Le tribunal d'instance de Clermont-Ferrand a débouté, mardi 4 avril, le propriétaire d'une chienne qui demandait la reconnaissance de la souffrance de son épagneule, fécondée par le chien d'un voisin, rapporte France Bleu Pays d'Auvergne.

Cet habitant de Meisseix, dans le Puy-de-Dôme, a assigné son voisin devant le tribunal pour la saillie non désirée de sa chienne, alors en chaleur. En 2014, le chien du voisin est venu, sans permission, féconder la chienne du requérant. La chienne Eden, un épagneul breton, a eu des complications suite à sa mise bas. Le vétérinaire a dû procéder à l'ablation de son utérus.

"Les animaux sont des êtres vivants doués de sensibilité"

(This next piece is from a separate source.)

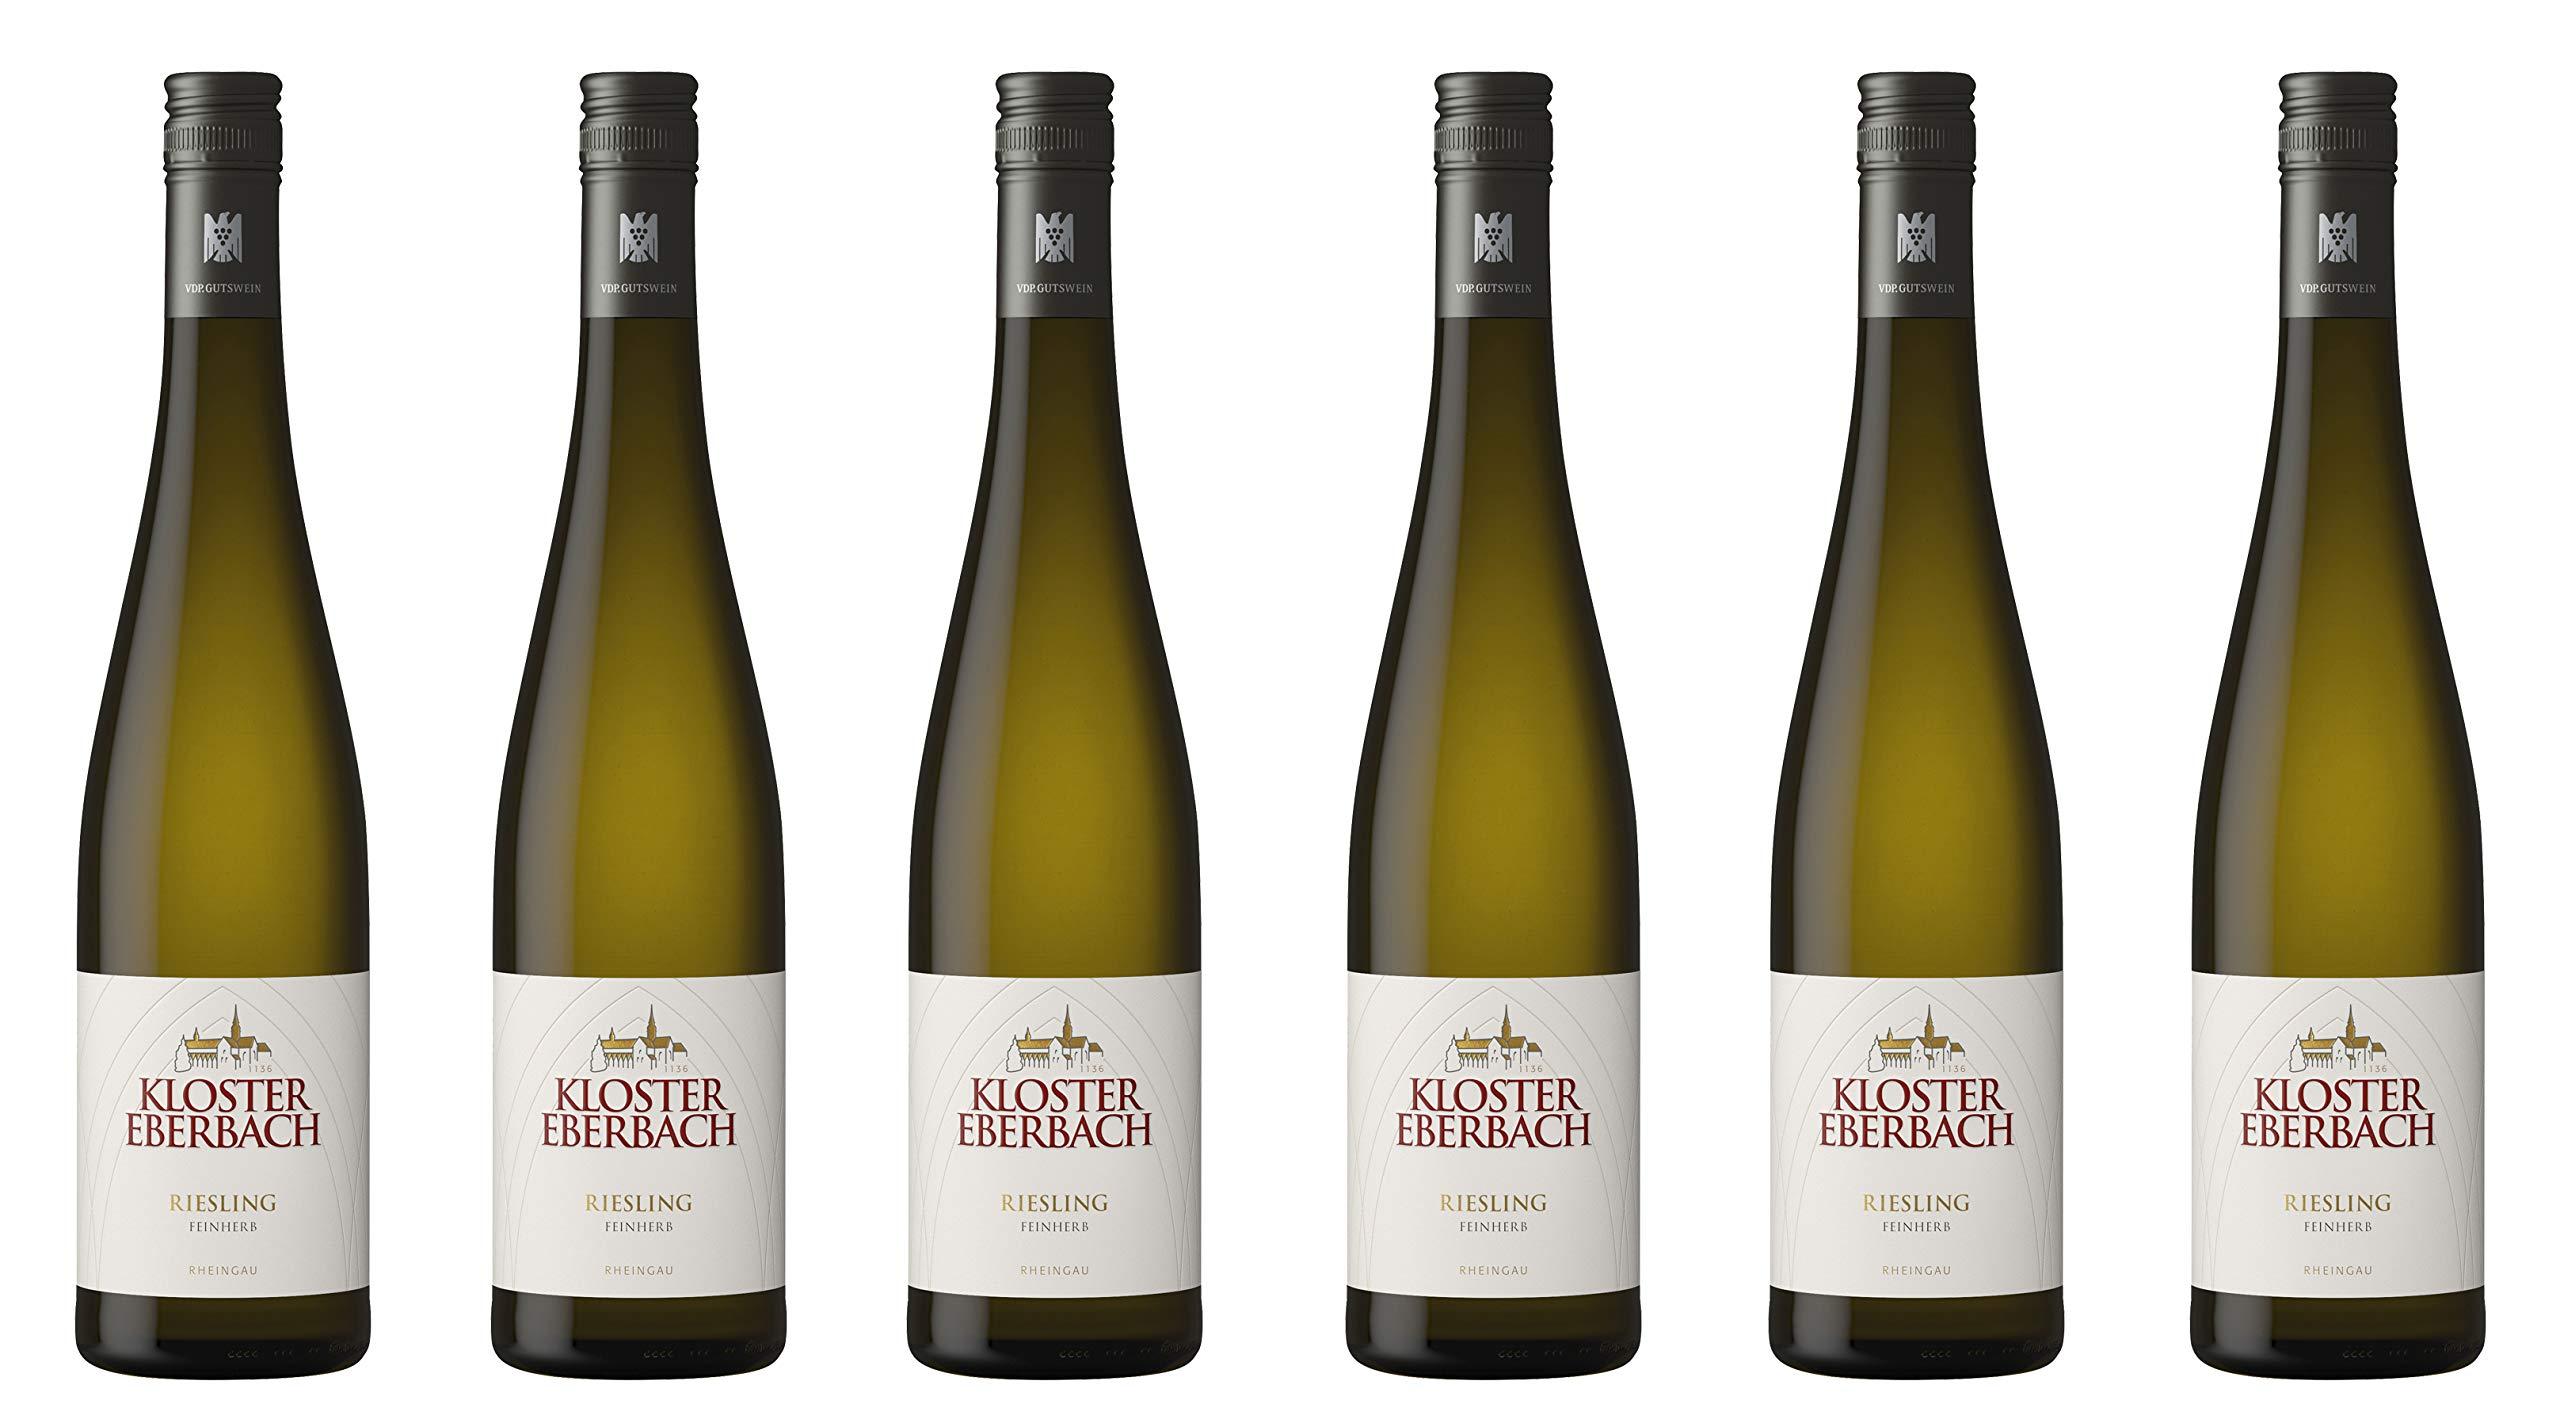 Kloster-Eberbach-Riesling-2017-Feinherb-125-vol-6-x-075-l
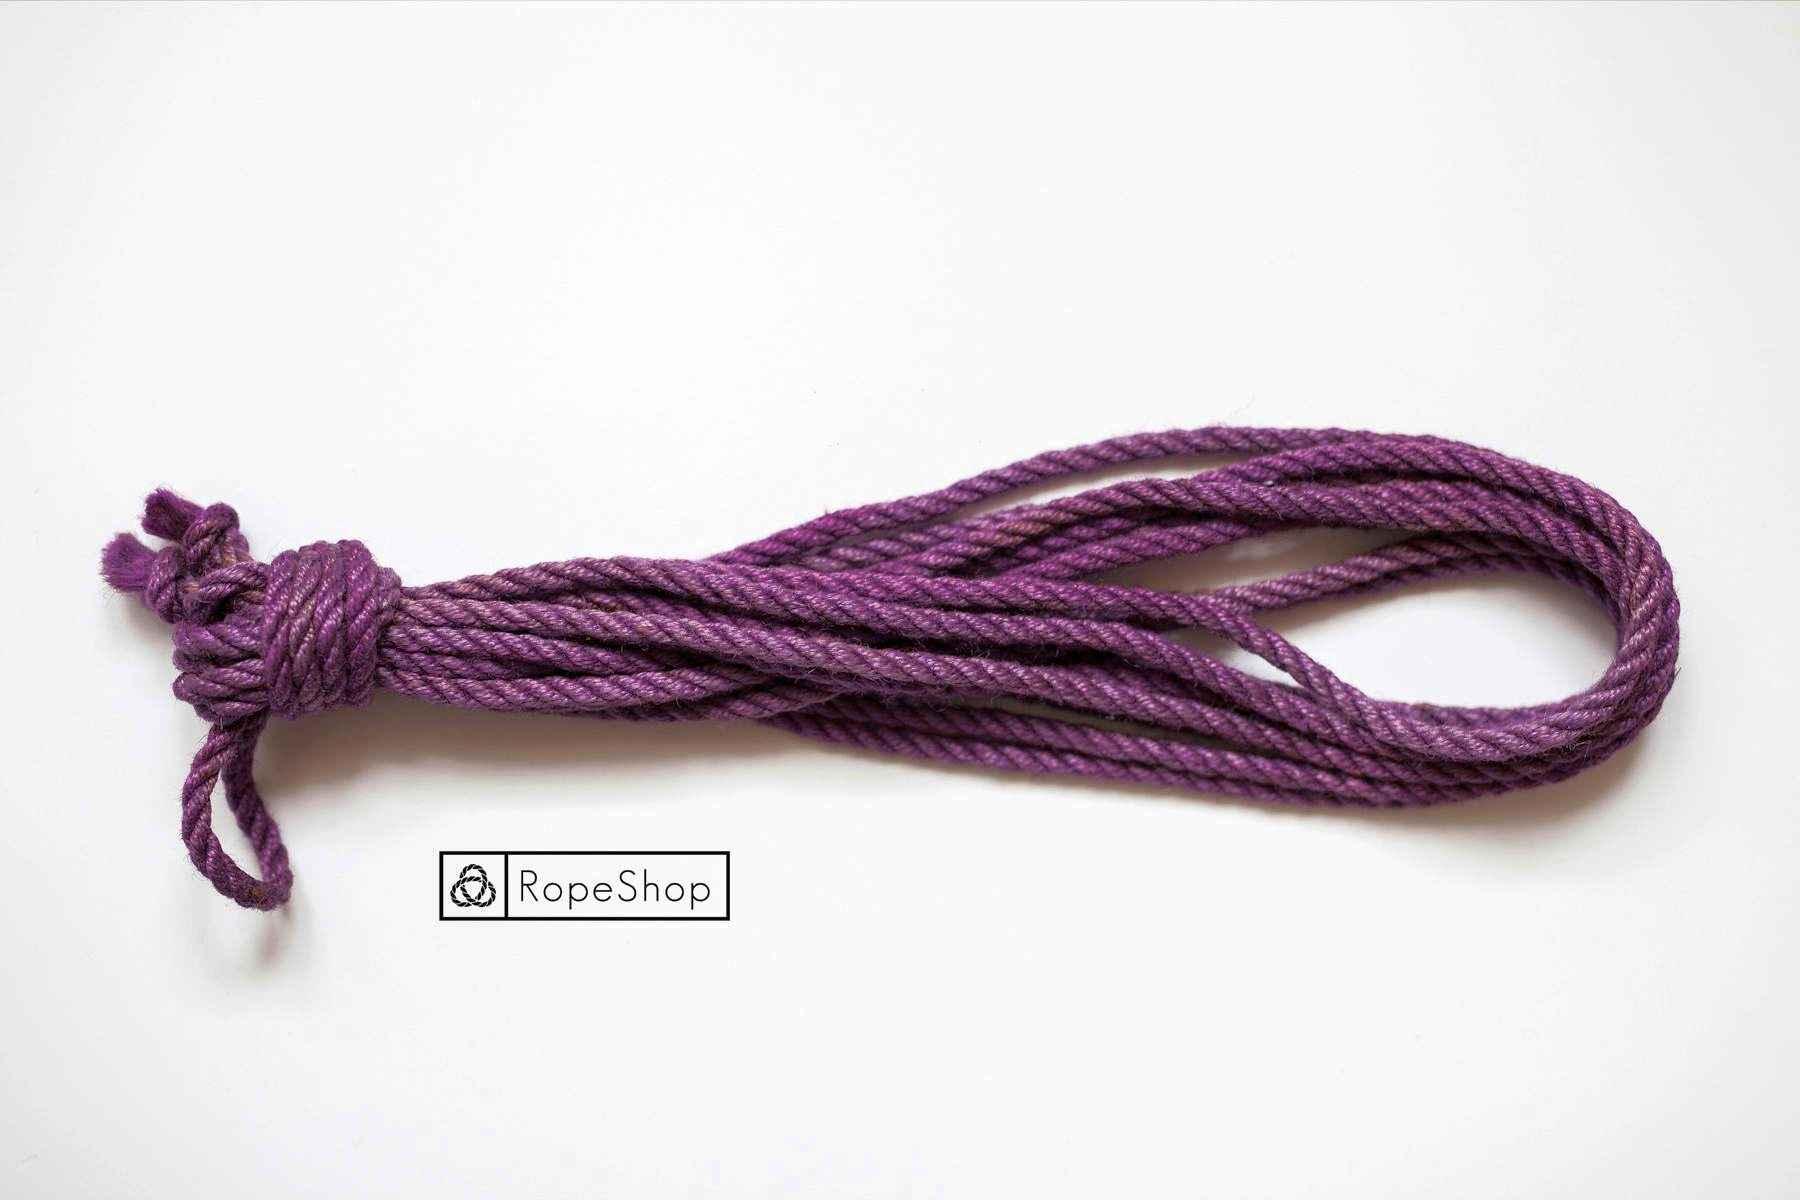 Джутовая веревка для шибари Korde

Lors de l'audience, le 31 janvier 2017, l'avocat du propriétaire de la chienne avait demandé le remboursement des frais vétérinaires et du trajet jusqu'à la clinique vétérinaire, ainsi que 2 000 euros de dommages et intérêts liés au fait que l'animal ne puisse plus se reproduire, et 2 000 euros "au titre du préjudice découlant des souffrances endurées par sa chienne."

Maître Jean-Hubert Portejoie, s'était appuyé sur l’article 515-14 du Code civil, créé par la loi du 16 février 2015, qui a défini un nouveau statut juridique de l’animal et stipule que "les animaux sont des êtres vivants doués de sensibilité."